# well lots of other people are posting pictures of them...



## CourtneyAndCarl (Aug 2, 2012)

...I felt like posting pics of all my non-shelled animals also :shy:

Welp, here they are, I guess, haha. We should just make a thread where everyone shares pictures of their non-tortoise pest 

Holly is an 8 years young Border Collie, still a frisbee catching champ:






Apollo is my 2 year old Border Collie, very OCD and crazy





Pooky's a male white-face lutino 'tiel. I always get to brag about him because our avian vet says he's the sweetest, tamest cockatiel he's ever seen 





Kip is a male Jenday conure, we've had him for a year after rescuing him. He's a jerk but definitely not lacking personality





The Gecko is approximately 1 and a half years old, I don't really know, he was also a rescue





Of course, my two white's tree frogs, Humphrey and Bogart





My three bettas, all very spoiled. The two red ones are Ironman and Hugo, they both know tricks, the blue one doesn't have a name 





Last, but absolutely not least, all my foster dogs that have been adopted, still consider them to be at least in some respect my babies 





And now I'm done, now everyone else should post pictures of THEIR pets  it's fun to see what everyone is in to besides tortoises.


----------



## Yvonne G (Aug 2, 2012)

And if someone told you to walk off the cliff, would you do that too? 

Just kidding, of course. Your animals are beautiful!! I especially love the happy dog face! You ARE a glutton for punishment. You foster border collies? Man-o-man!

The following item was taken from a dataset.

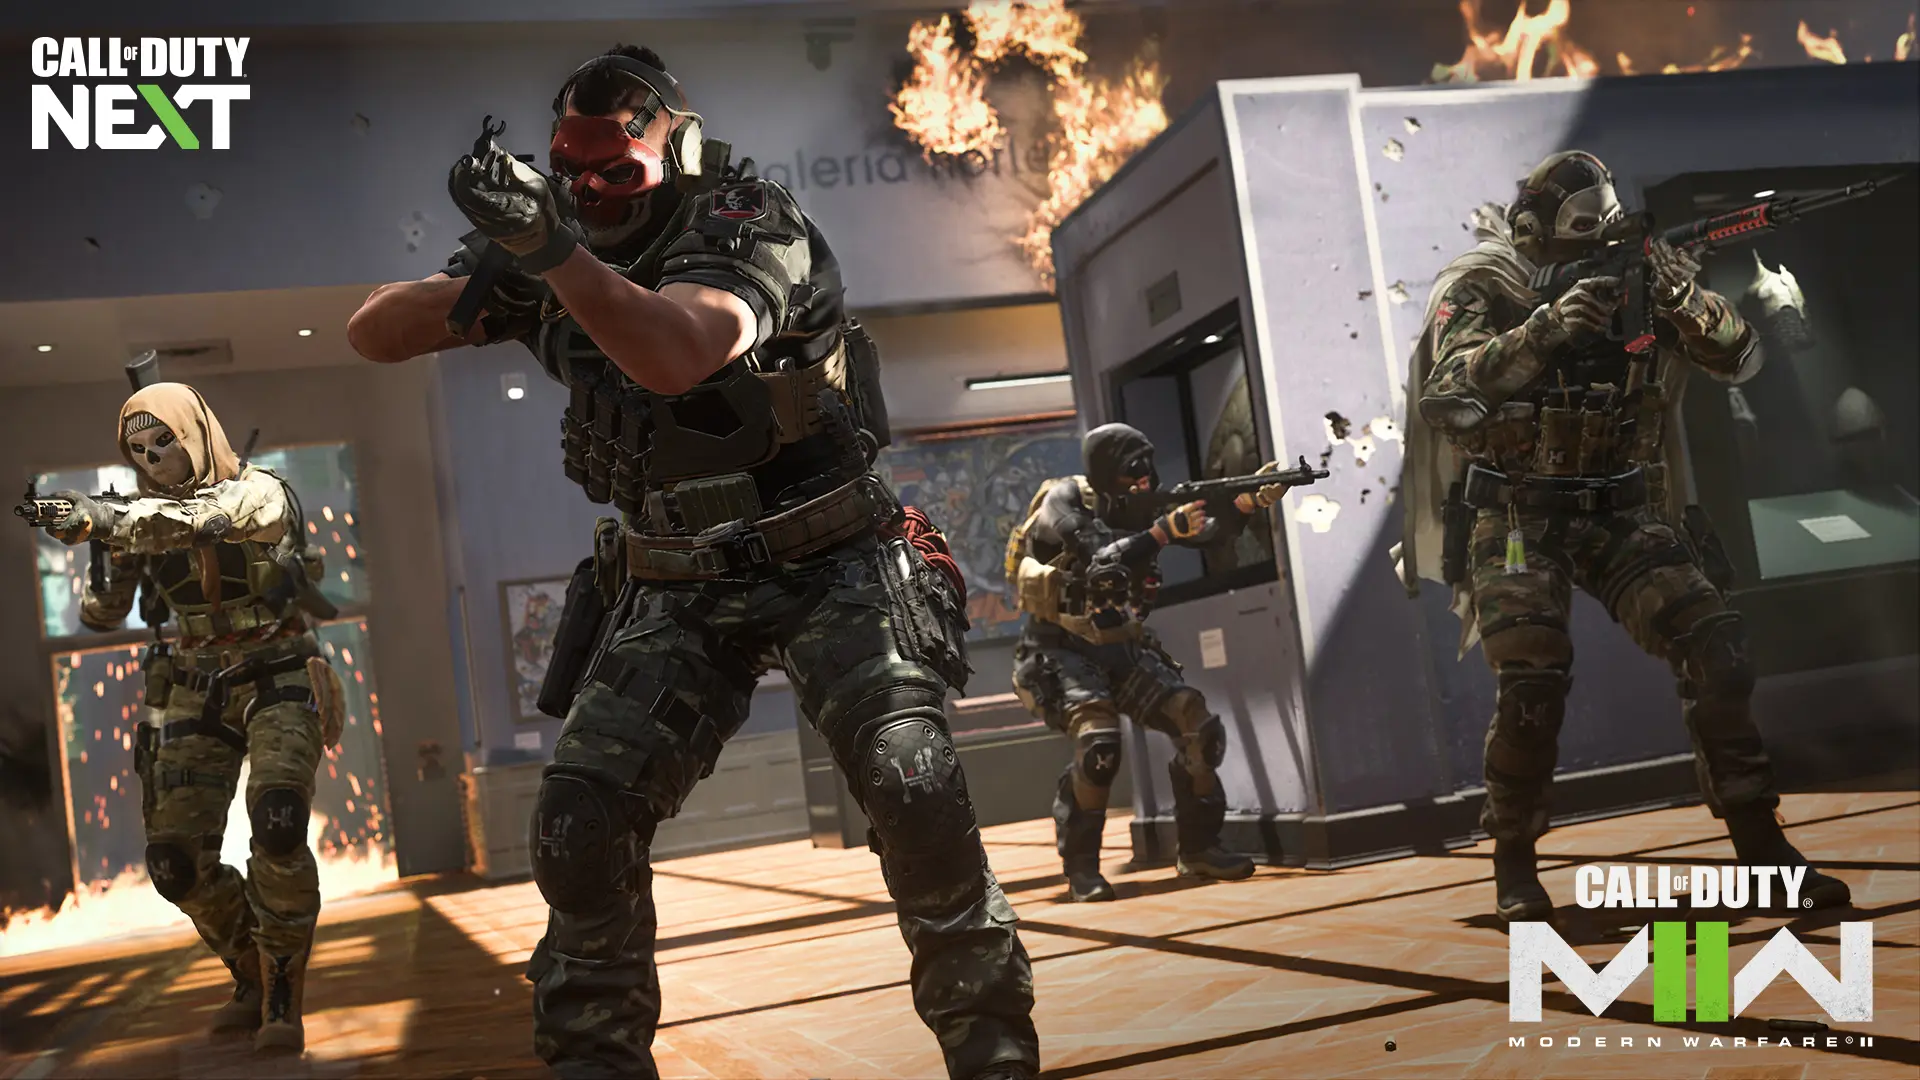 Modern Warfare 3: Novos combates, modos multiplayer e outros recursos
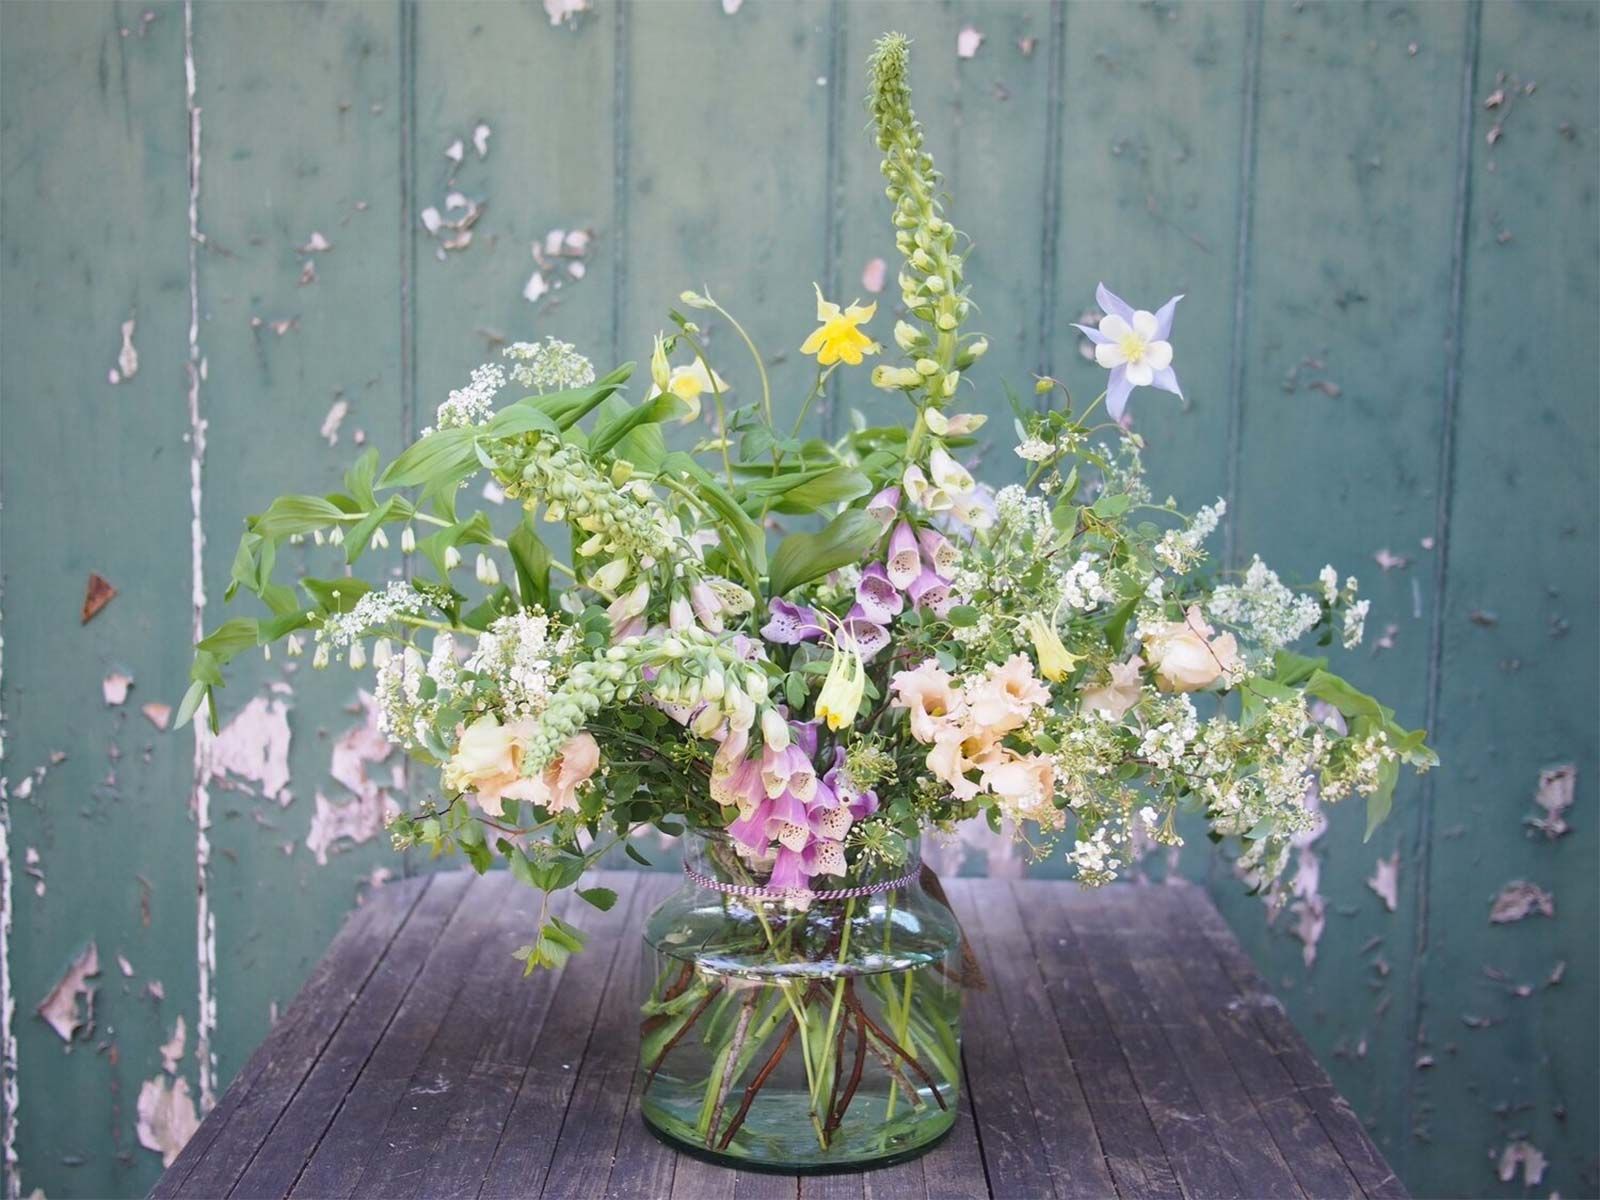 Así puedes crear preciosos arreglos florales de una sola tonalidad - Foto 1

One of the most active breeds of dog on the planet.


----------



## CourtneyAndCarl (Aug 2, 2012)

maybe I would


----------



## poison (Aug 2, 2012)

your whites are beautiful


----------



## yagyujubei (Aug 2, 2012)

I had a nanday conure years ago, I couldn't get rid of him soon enough. He would scream all night.


----------



## lisa127 (Aug 2, 2012)

Great pictures! I used to foster dogs (not breed specific though) and I too consider my past fosters mine in a sense. They will all always be a part of me and my family.


----------



## Jacqui (Aug 2, 2012)

You have a very nice family.


----------



## CourtneyAndCarl (Aug 2, 2012)

poison said:


> your whites are beautiful



Thanks, they only get their really nice colors at night though so usually when I see them they are a muddy green 



yagyujubei said:


> I had a nanday conure years ago, I couldn't get rid of him soon enough. He would scream all night.



Conures are quite obnoxious, aren't they?



lisa127 said:


> Great pictures! I used to foster dogs (not breed specific though) and I too consider my past fosters mine in a sense. They will all always be a part of me and my family.



I sometimes think that I annoy all the new owners, but I keep their email addresses on file and will email them every once in a while, just for updates. If I adopted a dog, I'd be happy to be bothered the foster, though, so I guess I assume everyone would be 



Jacqui said:


> You have a very nice family.



Thanks, they are all a little crazy but hey, so am I.


----------



## MooingTricycle (Aug 2, 2012)

Ooh! I can play this game too!! 
Ill have to edit this later.. on phone app
View attachment 25295

Partridge Penedesenca chickens!



View attachment 25296

Silkie/RiR cross, vaulted skull makes for funny head feathers!

View attachment 25299

Blue Splash Marans on right, Penedesenca center, Easteregger left


View attachment 25297

Helena, Sumatran Short Tail

View attachment 25298

Wolfgang, Borneo Short Tail


View attachment 25300

Carl, Bordercollie Husky Pointer mix with heterochromia 



View attachment 25302

Carl with parakeets in background and new coffeetable we built ourselves!


View attachment 25301

Graves, Sumatran Short Tail


----------